*** From the Archives ***

This article is from May 2, 2011, and is no longer current.

Turning a Print Magazine into an iPad App in Three Weeks

Imagine that you’re handed scores of magazine pages in the form of multiple InDesign files. Your task is to reconceptualize that content into a publication that not only looks like it was designed for the iPad, but adds audio and video. And the tools you’re using are so new that they’re evolving as you work with them. Now imagine that you have only three weeks to complete the entire project.
While I think I’d react with a four-letter word, the small team faced with this very real challenge handled it like the pros they are. Scott Citron, Mordy Golding, and Bob Levine created Scientific American‘s “Origins and Endings” app using InDesign CS5 and Adobe’s Digital Publishing Suite.
They do admit that it was a test of their skills. “Just because content fits on a magazine page doesn’t mean it fits on an iPad ‘page’,” notes Scott Citron. “When you shrink down a page of the magazine to the iPad’s 1024 by 768 pixels, you end up with so much text. In the first few prototypes, the text and margins were way too small. We settled on 17.5-point body type and 22-point leading. The print magazine body text is 9.5 points.”
There were also plenty of technical challenges. As Bob Levine notes, the hardware and software are so new that “there’s no experience to call on. You don’t know which rules you can break and still have it function.”
To see how this team solved the design and technical problems, download the full article as an interactive PDF. This PDF is best viewed in Adobe Acrobat or the free Adobe Reader.

  • Anonymous says:

    that’s fascinating (and quite overwhelming). It’s difficult for me to imaging that in the near future, we’re going to be re-creating our work multiple times for multiple outputs. sounds a bit exhausting to me. I know that once I’ve sent a project to print, the last thing I want to do is go back into the file and keep working with it!

  • Anonymous says:

    …promoting super quick turn-around times. Deadlines are squeezed so tightly now, the design community really cannot afford to have clients thinking that yet another design vehicle (an entire digital magazine in this case) can be produced in a shortened time span.

  • Anonymous says:

    I was hoping that the article would actually describe how the designers turned a print magazine into an iPad in three weeks. Instead all we get are a couple of quotations about how difficult it was and a couple of mentions of margins and font sizes. Though the article did say that they used InDesign and the Digital Publishing Suite, there was no information on how they actually used those tools to accomplish their task. No mention of the techniques they developed over the three weeks. No mention of lessons learned or problems to avoid. No mention of how they divided the workload and how each contributed to the final project. Really, nothing of substance at all…

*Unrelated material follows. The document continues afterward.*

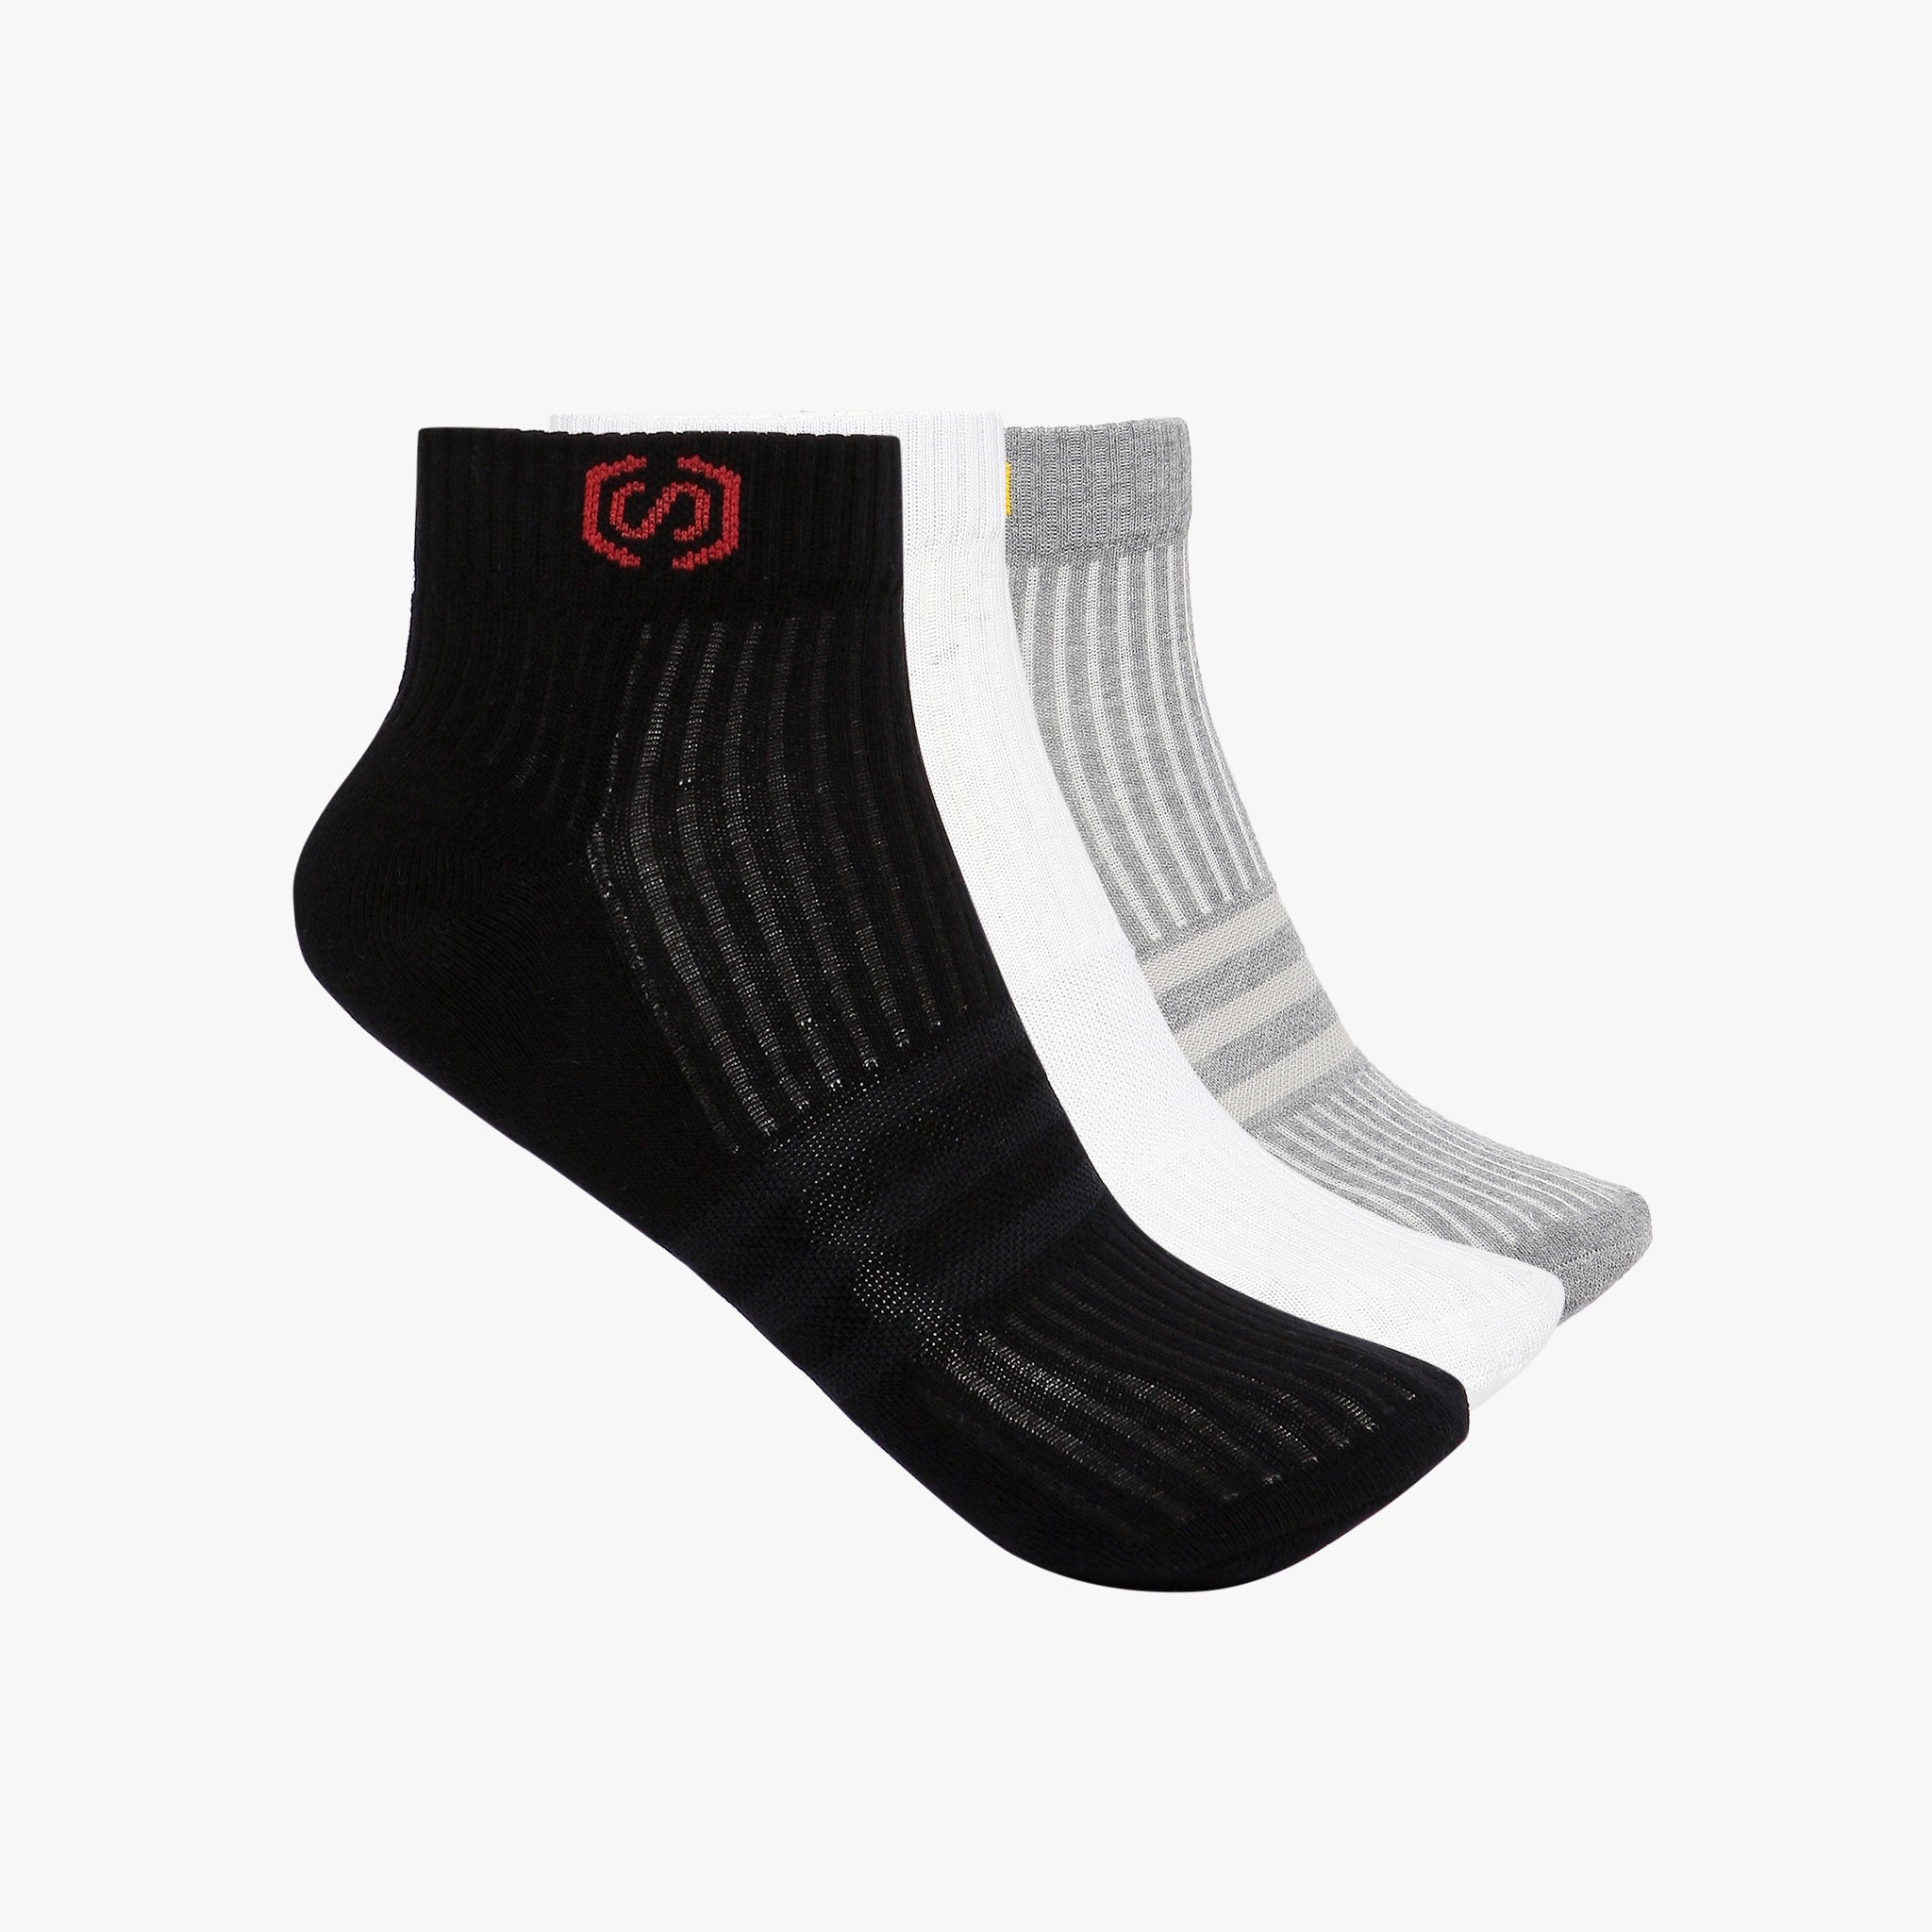 Buy Assorted Free Size Ankle Socks - Style Union

    Just a disappoint article all around.

  • Anonymous says:

    I agree 100%. I read this hoping to learn something new and the only useful information I got out of it was an idea of font size differences.

  • Terri Stone says:

    I understand your desire for solid how-to information. However, the Digital Publishing Suite was still in flux when Mordy, Scott, and Bob created this app. In addition, the conversion situation they faced had some unusual aspects that wouldn’t apply to every publication.

    Those two factors meant that most people would not have been able to use app-production information for their own projects.

    Terri Stone
    Editor in Chief, CreativePro.com

  • Anonymous says:

    It’s funny re-reading this article after almost a year later. We are trying to figure out a way to recreate an entire publication with audio and video in a matter of a few days while the print version is on press. And doing it with with just designer (me) instead of a separate team.